# [Exercise]
Each line of the data below should be restated exactly, with images left out.

# [Data segment]
* * * *

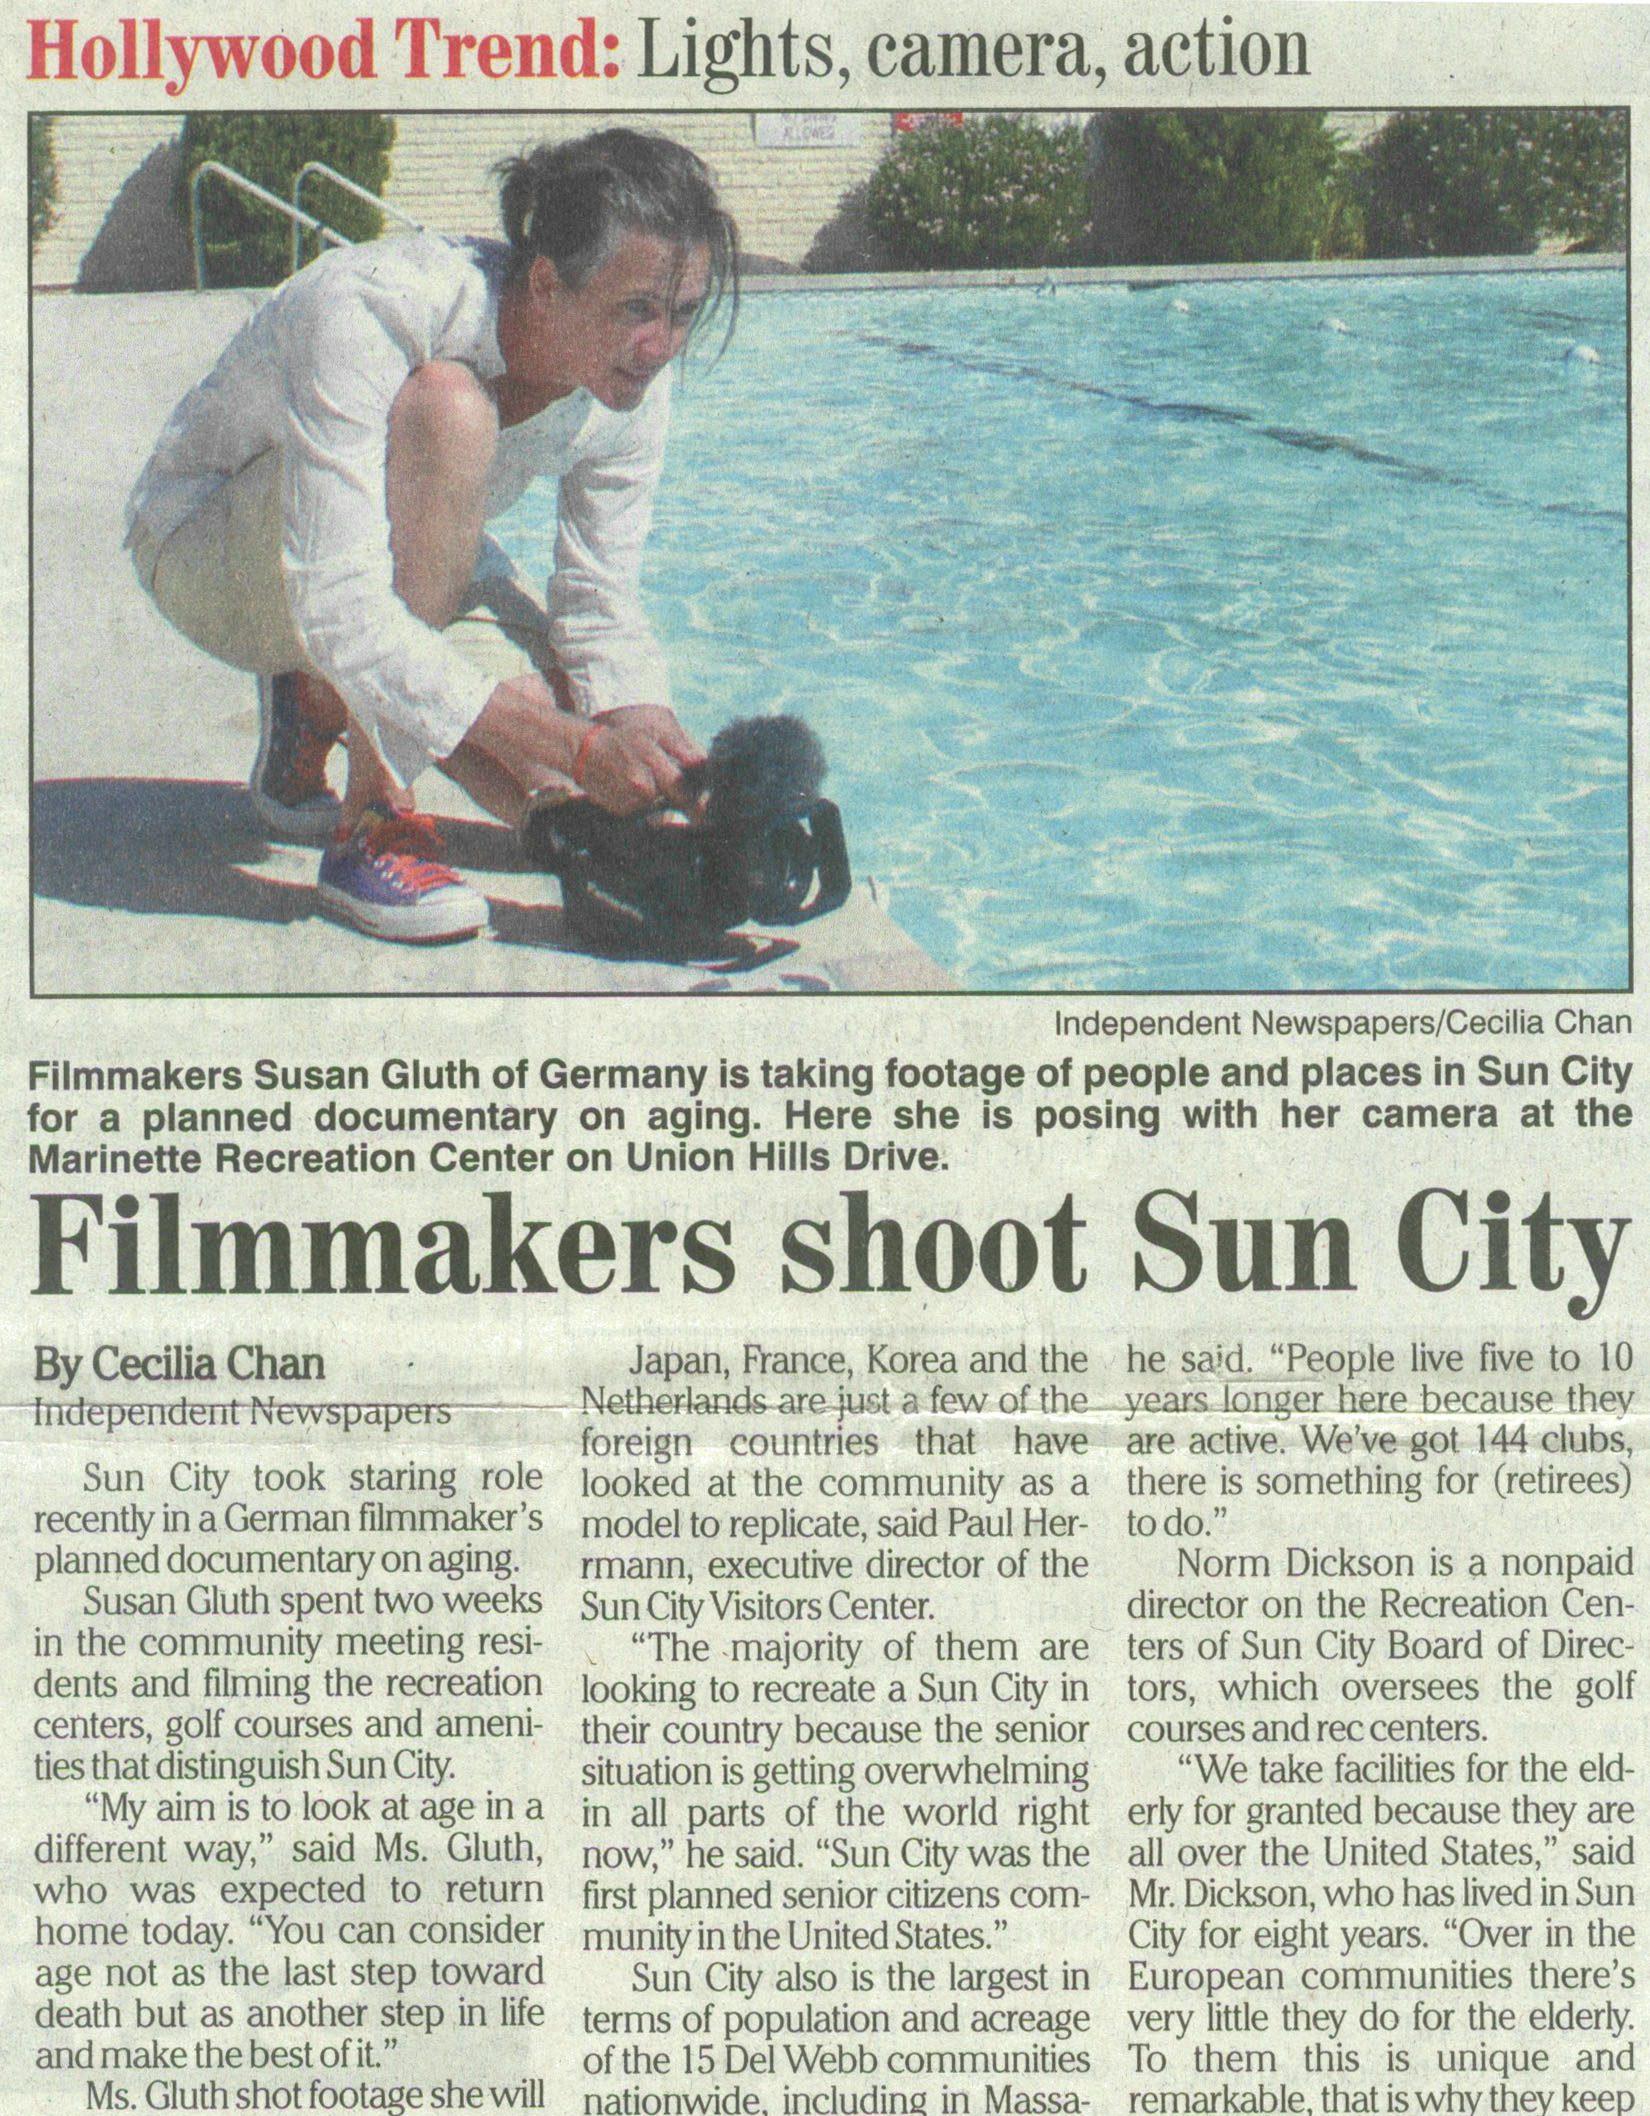 Zeitungsartikel über Susan Gluth bei den Filmarbeiten in Sun City in englischer Sprache
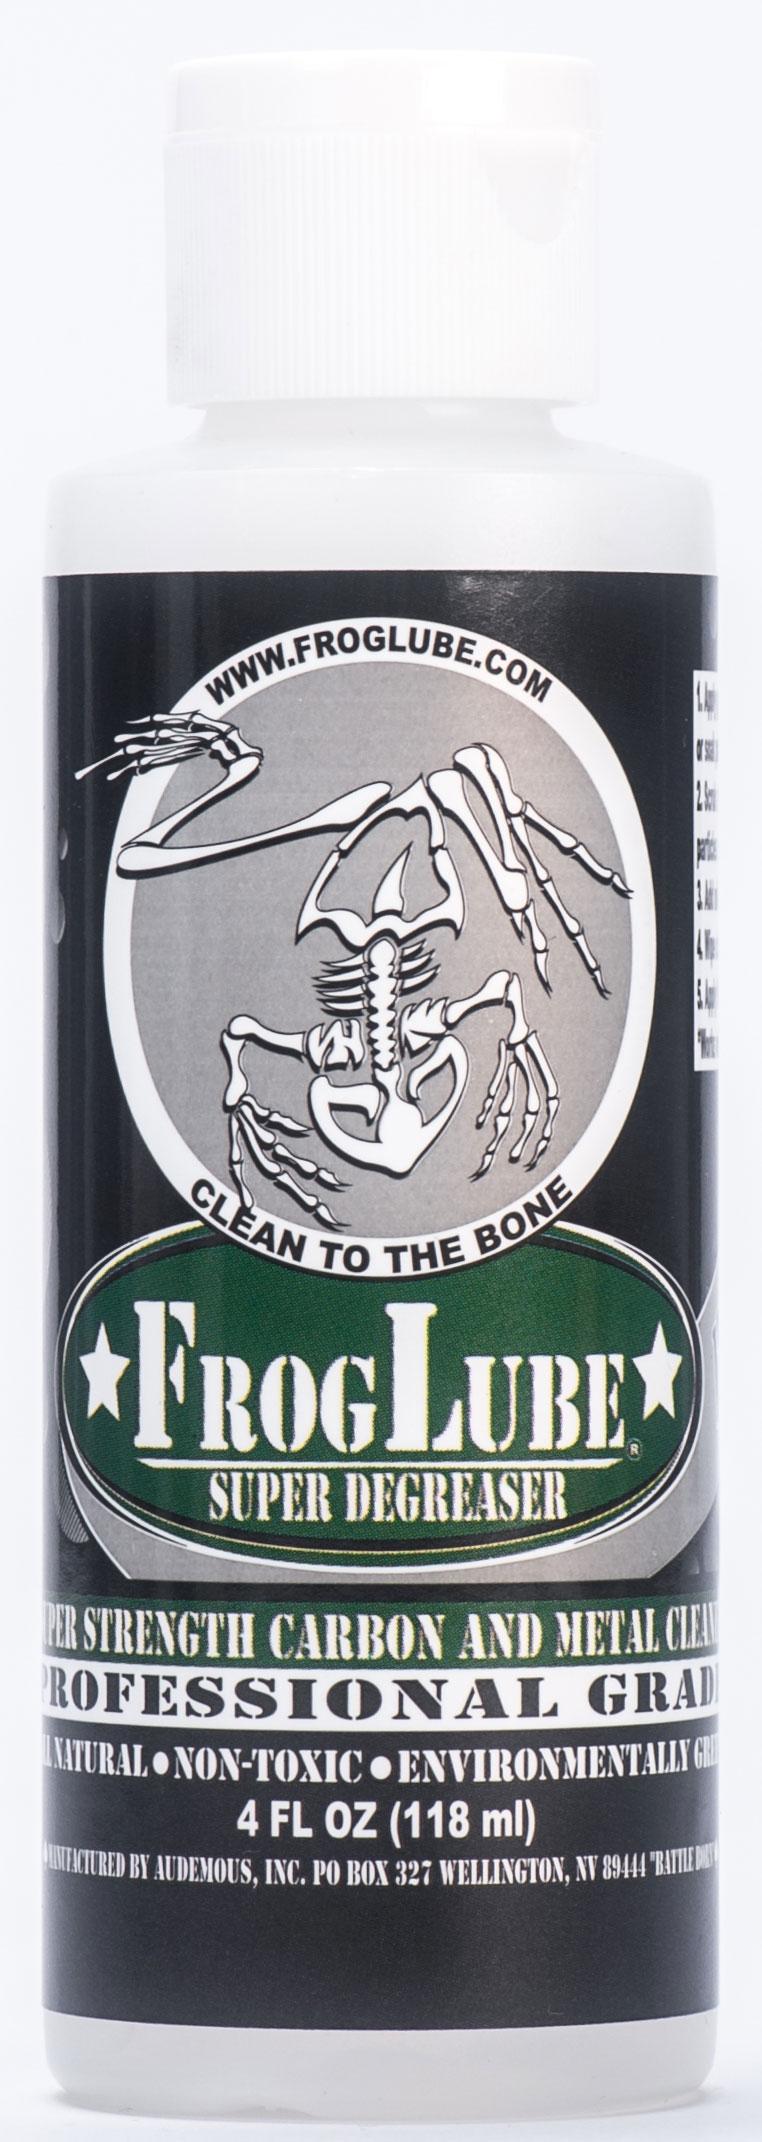 FrogLube Super Degreaser 4 fl. oz. Bottle
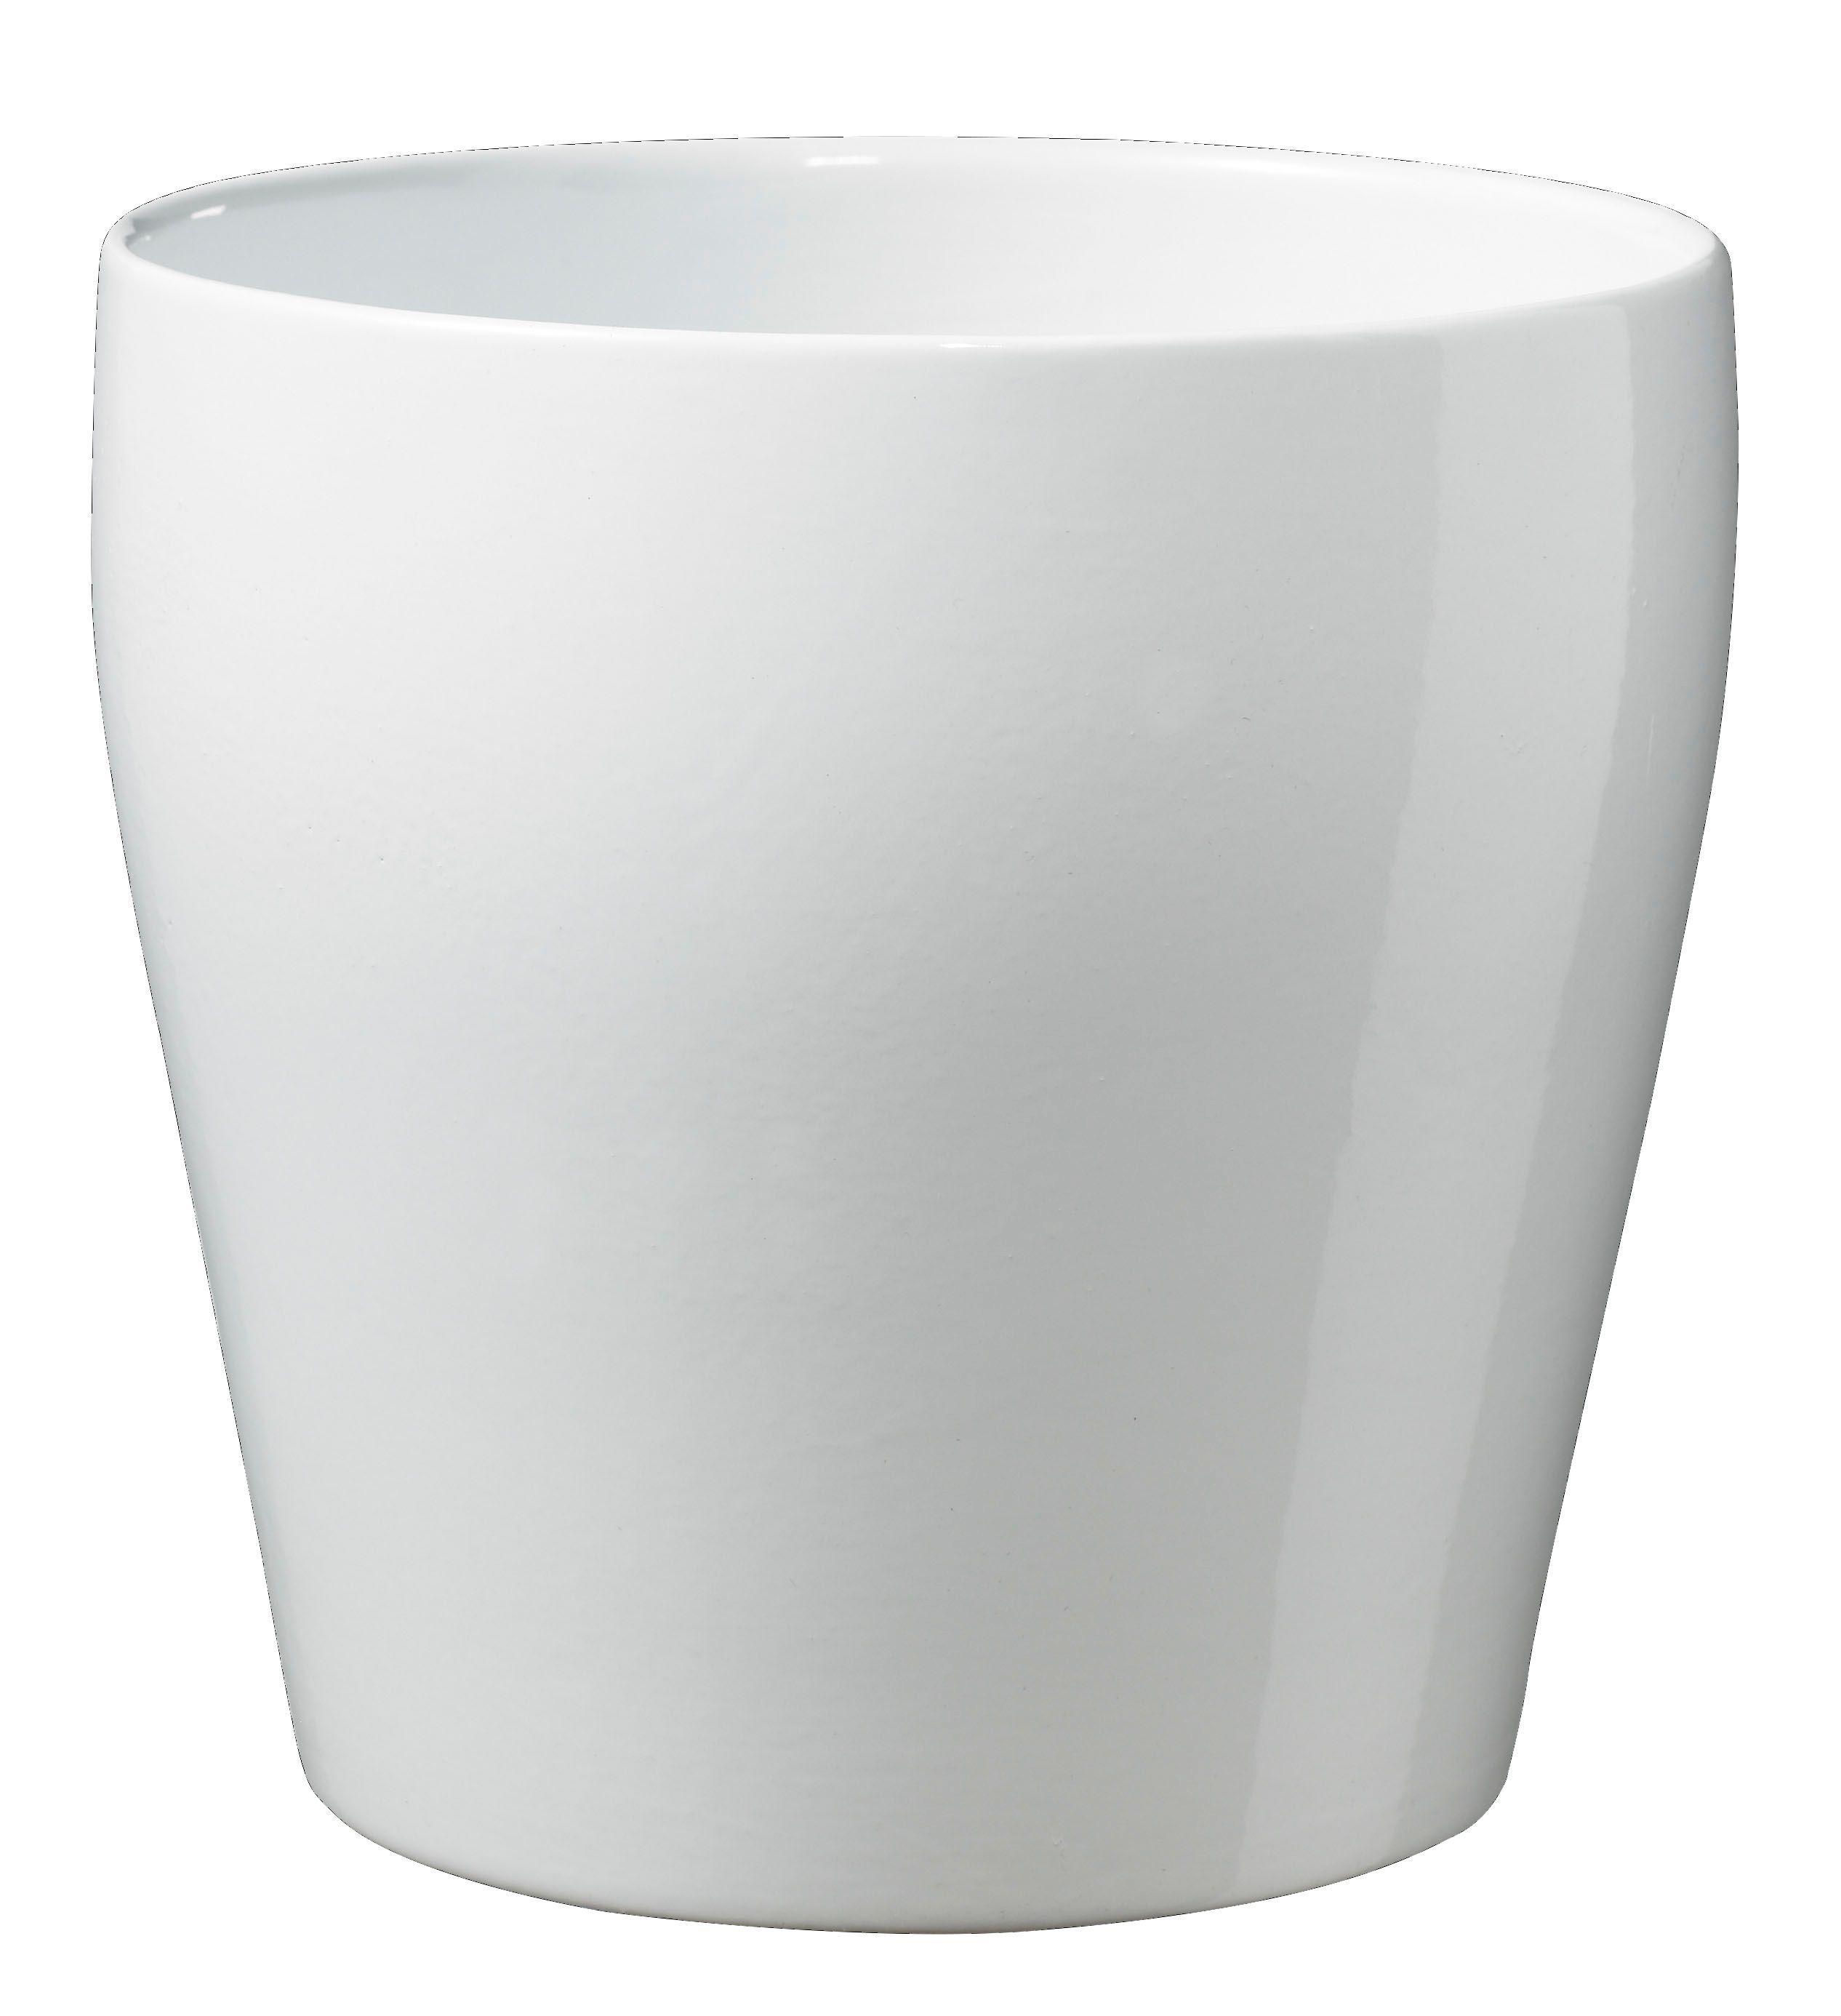 Messina Round Ceramic White Plant Pot H 190mm Dia 190mm

* * * *

# [Answer below]
 Zeitungsartikel über Susan Gluth bei den Filmarbeiten in Sun City in englischer Sprache
 FrogLube Super Degreaser 4 fl. oz. Bottle
 Messina Round Ceramic White Plant Pot H 190mm Dia 190mm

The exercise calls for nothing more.